**What the exercise asks**: Return exactly those lines of the material below that fall between the line holding "Energielabel Dag Hammarskjoldhof 37 Almere" and the line holding "Micro glasses , moustache and hat", inclusive.

**Supplied records**:
== == ==

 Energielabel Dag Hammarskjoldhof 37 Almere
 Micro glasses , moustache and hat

== == ==

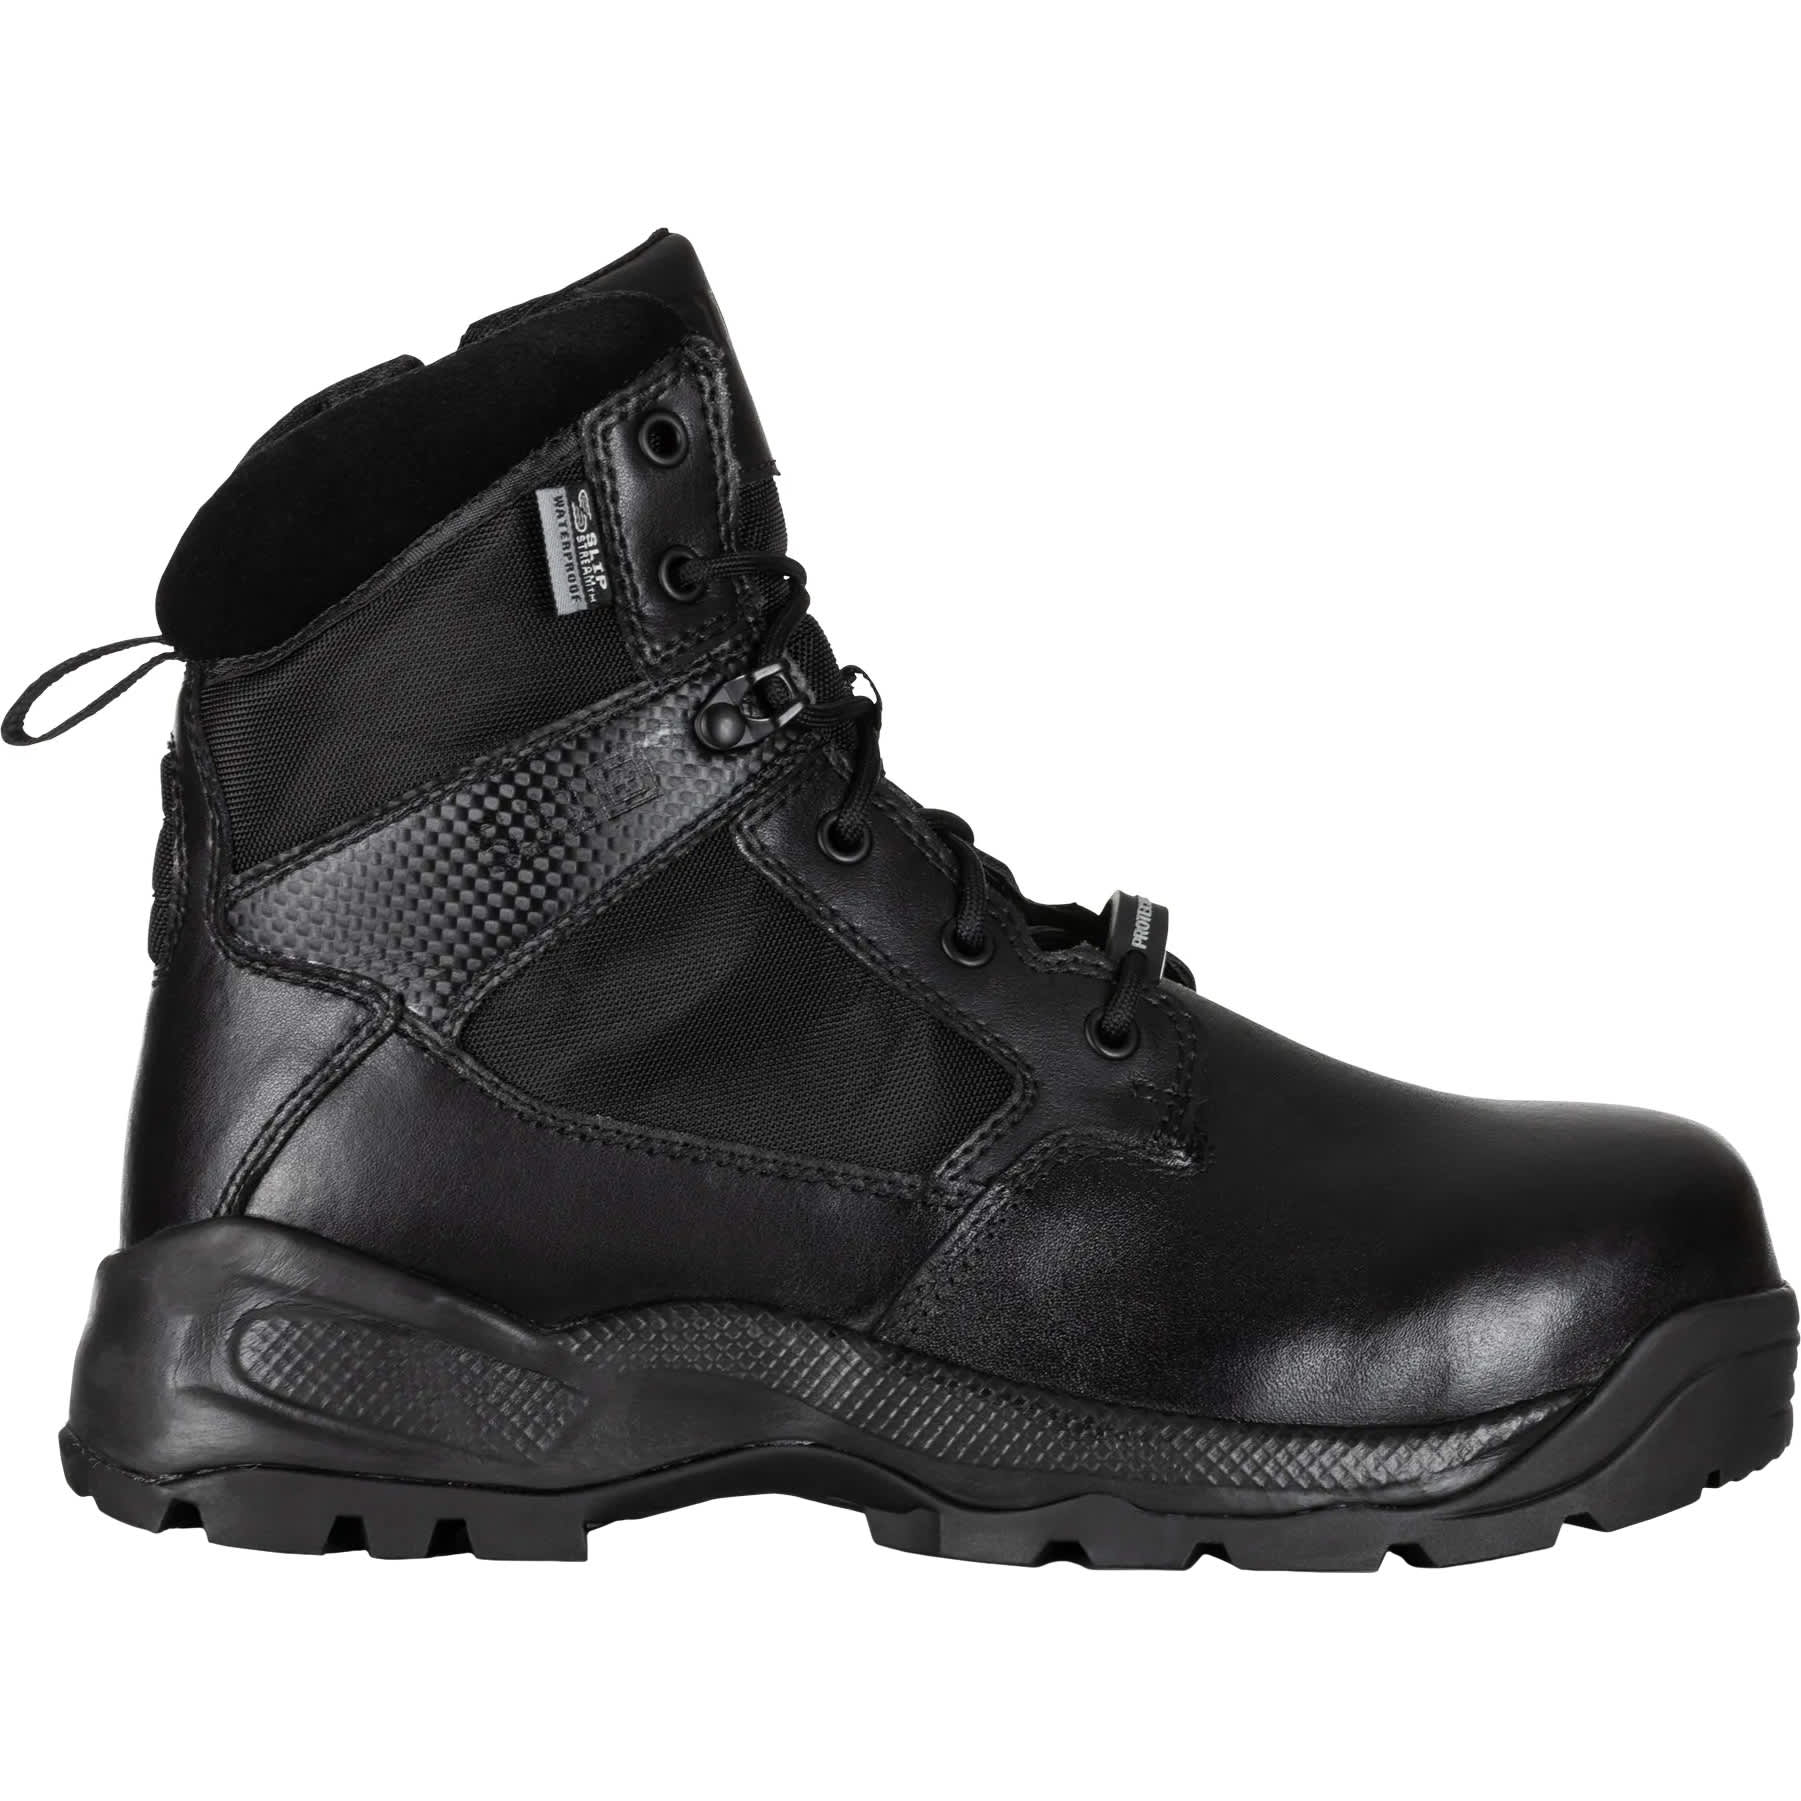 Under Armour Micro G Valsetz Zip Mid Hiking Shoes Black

== == ==

**Worked solution**:
 Energielabel Dag Hammarskjoldhof 37 Almere
 Micro glasses , moustache and hat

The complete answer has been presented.